Bud Ecosystem, Intel, and Microsoft have entered into a Memorandum of Understanding (MoU) to enable cost-effective Generative AI deployments accessible to everyone through the Azure cloud. This partnership will leverage Intel’s 5th Generation Xeon processors along with Bud Ecosystem’s innovative inference optimization engine, Bud Runtime, to lower the total cost of ownership (TCO) for GenAI solutions without compromising performance or accuracy.
As Generative AI continues to gain mainstream traction, organizations are prioritizing cost-efficient AI deployments to meet their objectives. Consequently, the industry is shifting towards domain-specific Small Language Models (SLMs) running on commodity processors, moving away from the reliance on expensive large language models (LLMs) powered by GPU infrastructure. This collaboration is designed to help businesses easily capitalize on this trend, democratizing access to Generative AI by eliminating the financial barriers that have hindered its widespread adoption.
The MOU outlines a Proof of Concept (PoC) that will test the performance of Bud Runtime on Intel-powered Azure Virtual Machines (VMs). The collaboration will allow all three partners to evaluate the scalability and flexibility of combining Bud Runtime and Intel-powered Azure VMs, ensuring that AI workloads benefit from the optimized hardware and inference software combination on a trusted cloud infrastructure.
“We are thrilled to collaborate with Intel and Microsoft in this collaboration,” said Jithin V.G, CEO of Bud Ecosystem. “Our mission is to democratize access to GenAI by commoditizing it.
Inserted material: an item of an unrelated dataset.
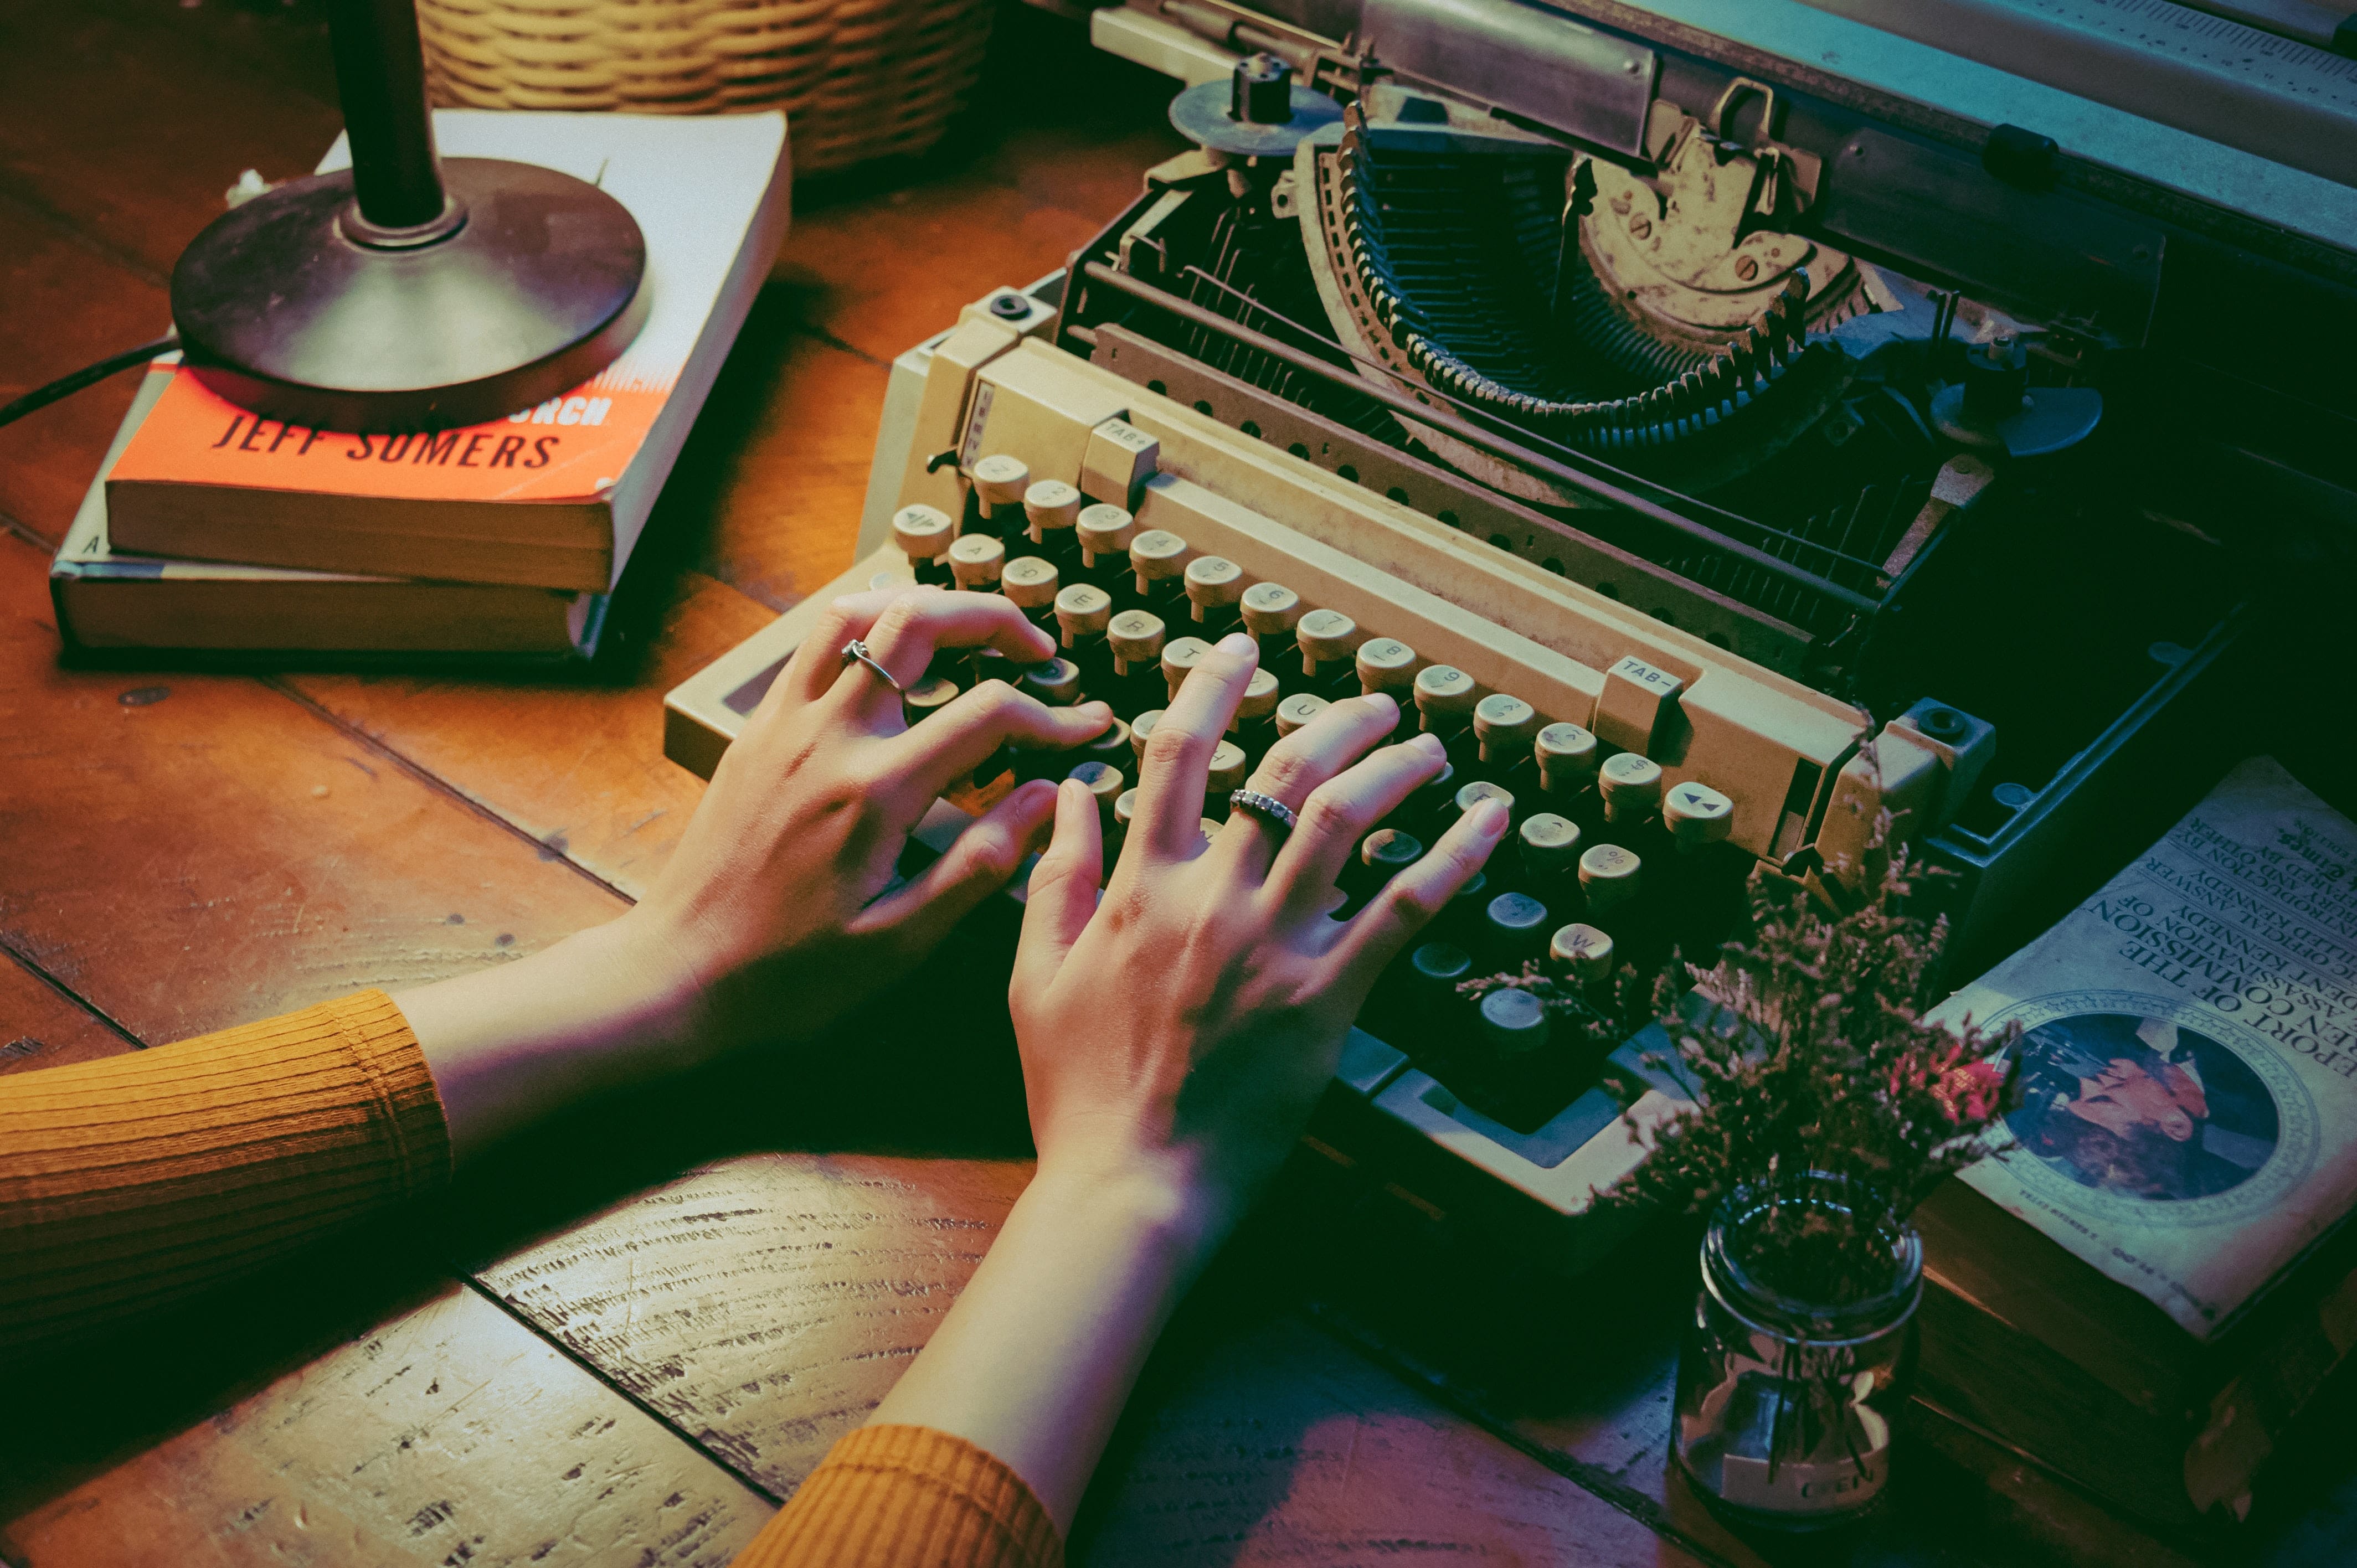 Una imagen de una máquina de escribir sobre una mesa

With Intel’s cost-effective hardware and the power of Azure cloud, we are confident this collaboration will empower businesses worldwide to harness the full potential of AI through Bud Runtime”
Bud Runtime is a GenAI serving and inference stack that significantly reduces both capital and operational expenditures for enterprises adopting Generative AI. Benchmark results show that Bud Runtime can deliver up to 130% better inference performance in the cloud and 12x better performance on client devices for GenAI applications, while reducing total cost of ownership by up to 55X. It empowers enterprises to transition to production-ready GenAI solutions, all while ensuring compliance with AI guidelines and regulations, including those set by the European Union and the White House’s responsible AI framework.